Matt Kallman, a spokesman for the company, did not go into detail on the company's next steps. “The settlement, mutually agreed by both sides, was fair and reasonable,” he said in a statement. “We're disappointed in this decision and are taking a look at our options.”

REAL RISKS

On the non-monetary parts of the deal, Chen particularly attacked provisions removing restrictions on Uber drivers asking for tips—noting that Uber has refused to include an in-app tipping function—and the fact that a new appeal process the company agreed to create would not allow review of deactivations for low star ratings.

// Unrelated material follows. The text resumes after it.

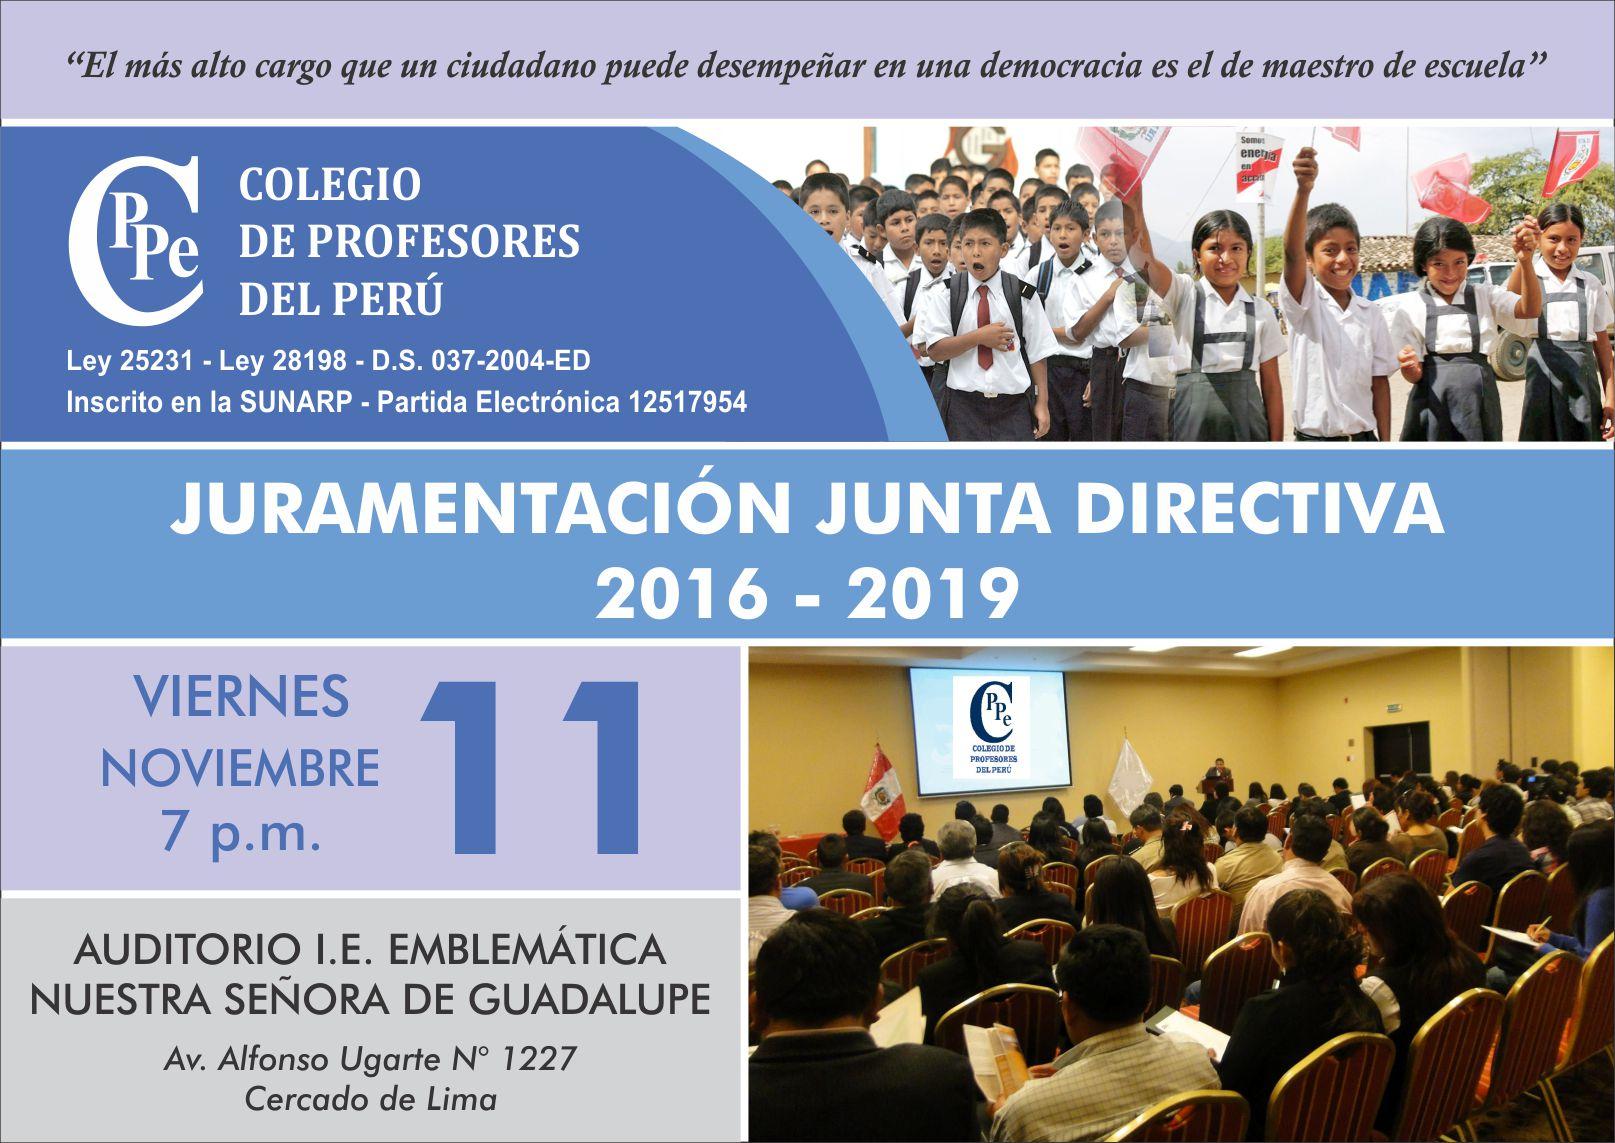 INVITACIÓN A LA JURAMENTACIÓN DE LA NUEVA JUNTA DIRECTIVA NACIONAL DEL CPPe, PERIODO 2016-2019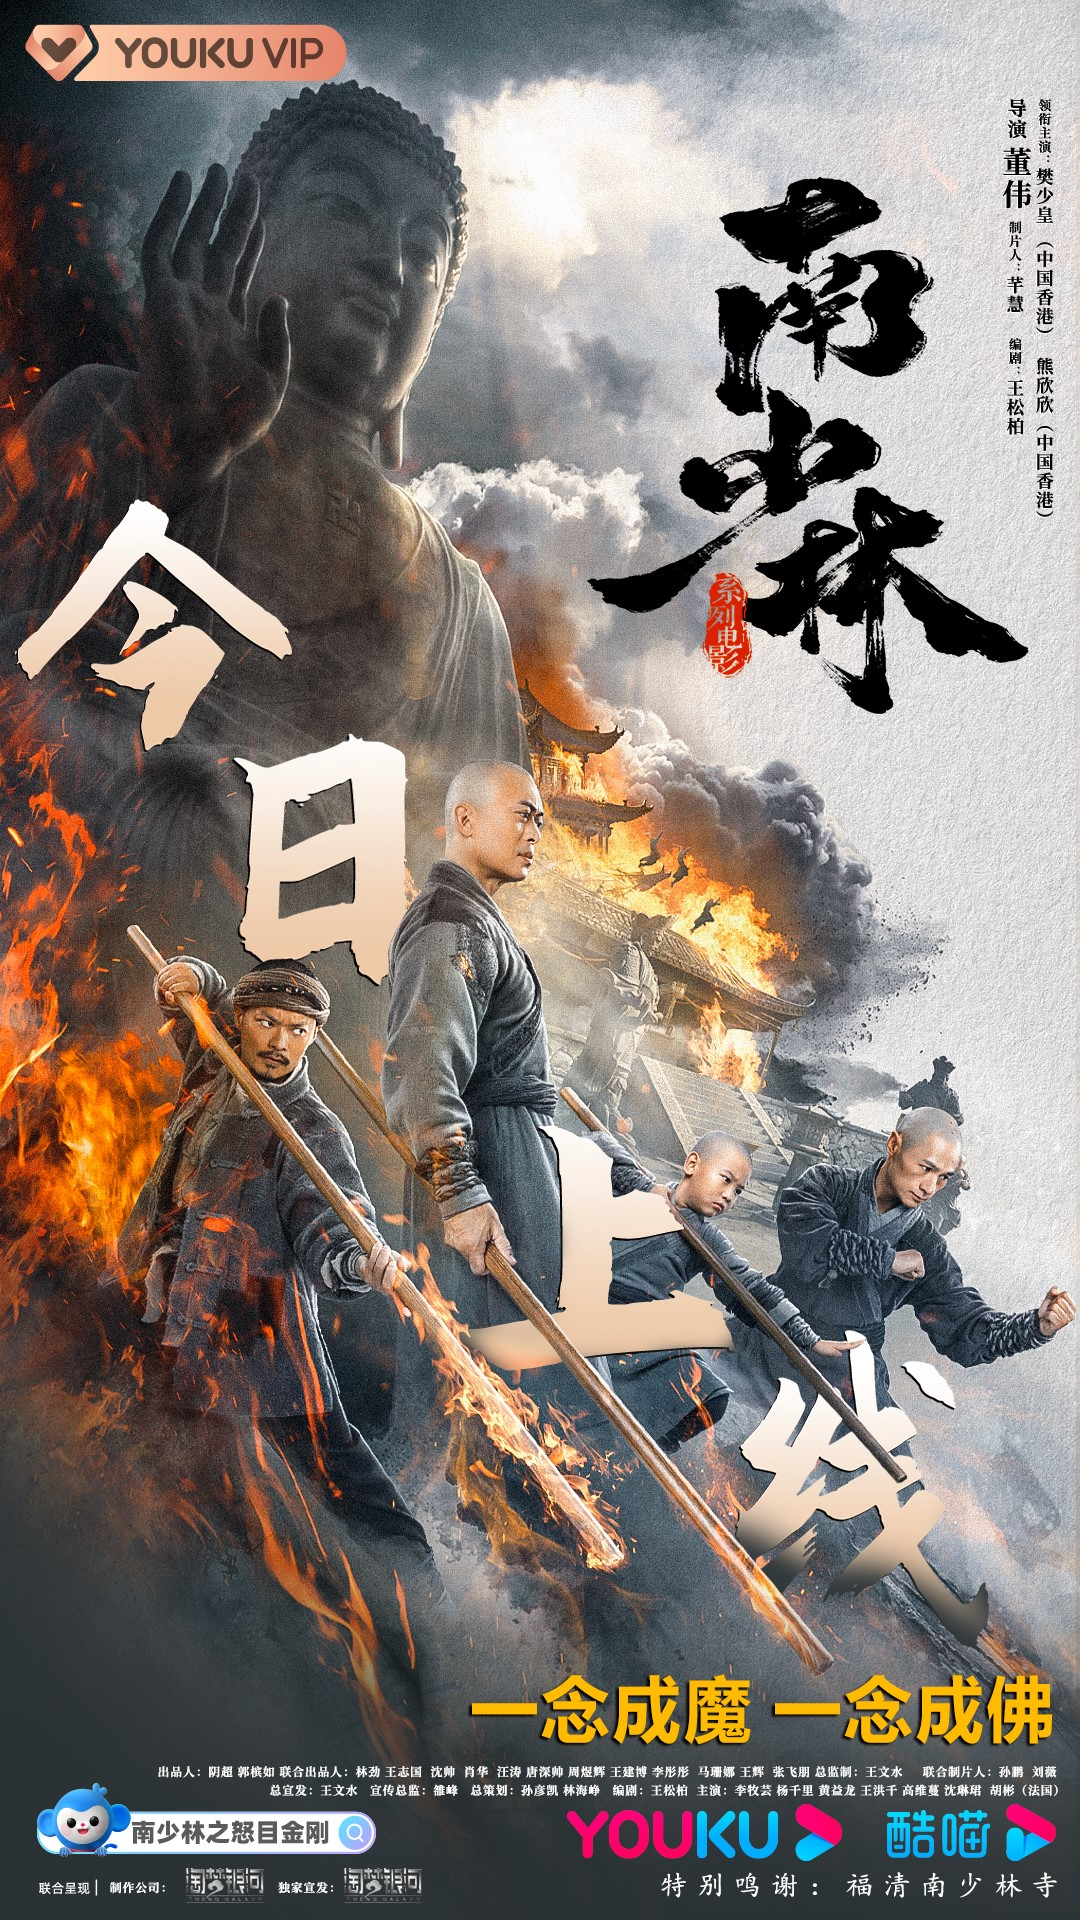 《南少林之怒目金刚》今天网上粉丝邵皇新信首演对决

But aside from PAGA, Chen offered signals that he sees the money allocated for the other claims as reasonable given the significant risks facing Liss-Riordan's suits. He also largely agreed with her that many of the claims—such as overtime and meal break claims—that would be settled out by the deal had almost no chance of being successful.

One of the biggest risks, he noted, is the fact that the U.S. Court of Appeals for the Ninth Circuit has signaled it may reverse decisions he made in a separate lawsuit that found Uber's arbitration agreements unenforceable.

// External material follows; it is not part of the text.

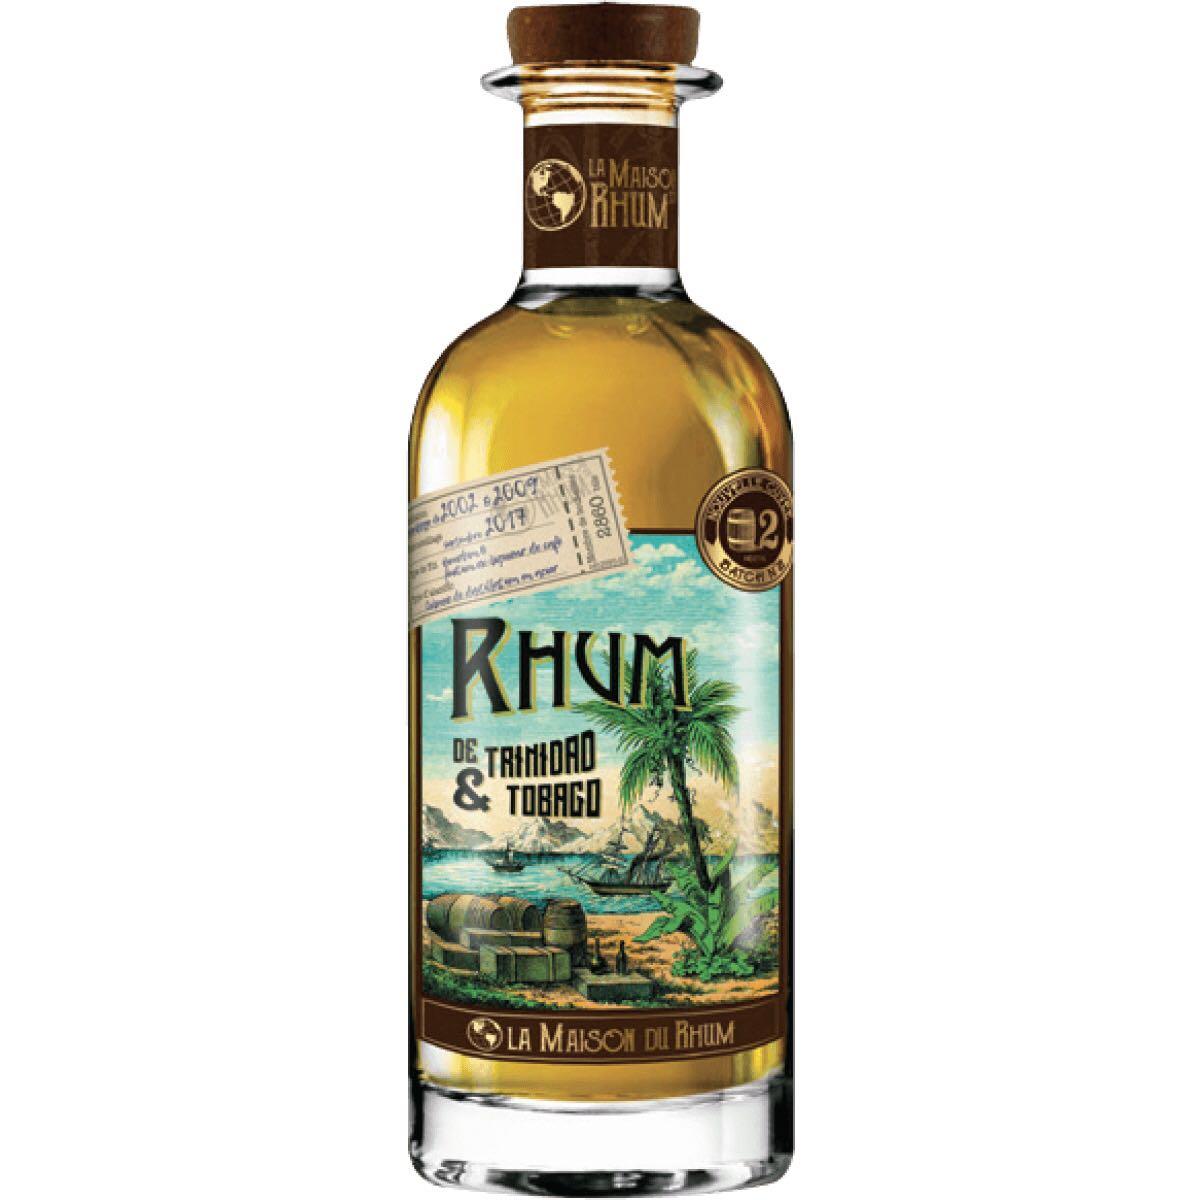 Bottle image of La Maison du Rhum Trinidad & Tobago #2

“A finding that one or both of the arbitration clauses is valid and enforceable would substantially change the scope and course of plaintiffs' case, as it would likely require the vast majority of the class to go to arbitration on their non-PAGA claims, thus jeopardizing the scope and potential viability of the class action at bar,” Chen wrote.

In light of this dynamic, Chen went on to say that even though drivers were taking a roughly 90 percent discount on the expense reimbursement and unpaid tips claims at the center of Liss-Riordan's cases, the settlement may still be “fair and adequate.”

“Indeed, while at the low end of reasonable recovery, the court would be inclined, after weighing the Hanlon factors, to find the consideration afforded by the settlement to be adequate for release of the non-PAGA claims,” he wrote.

But a key outstanding question is whether, in light of the Ninth Circuit threat, Uber—represented by Gibson, Dunn & Crutcher in the litigation—is willing to put forward the money that it may take to settle the case.

David Lowe, a plaintiff-side employment attorney at Rudy, Exelrod, Zieff & Lowe who is not involved in the case, said that decision will likely hinge both on sum in question—and on whether Uber still perceives a serious risk to its business model in continuing to litigate the case

“If it's a small amount of money that it would take to satisfy Judge Chen, then it may [try to revive the settlement],” Lowe said. “If it's a very substantial amount, then Uber may not be willing to do that.”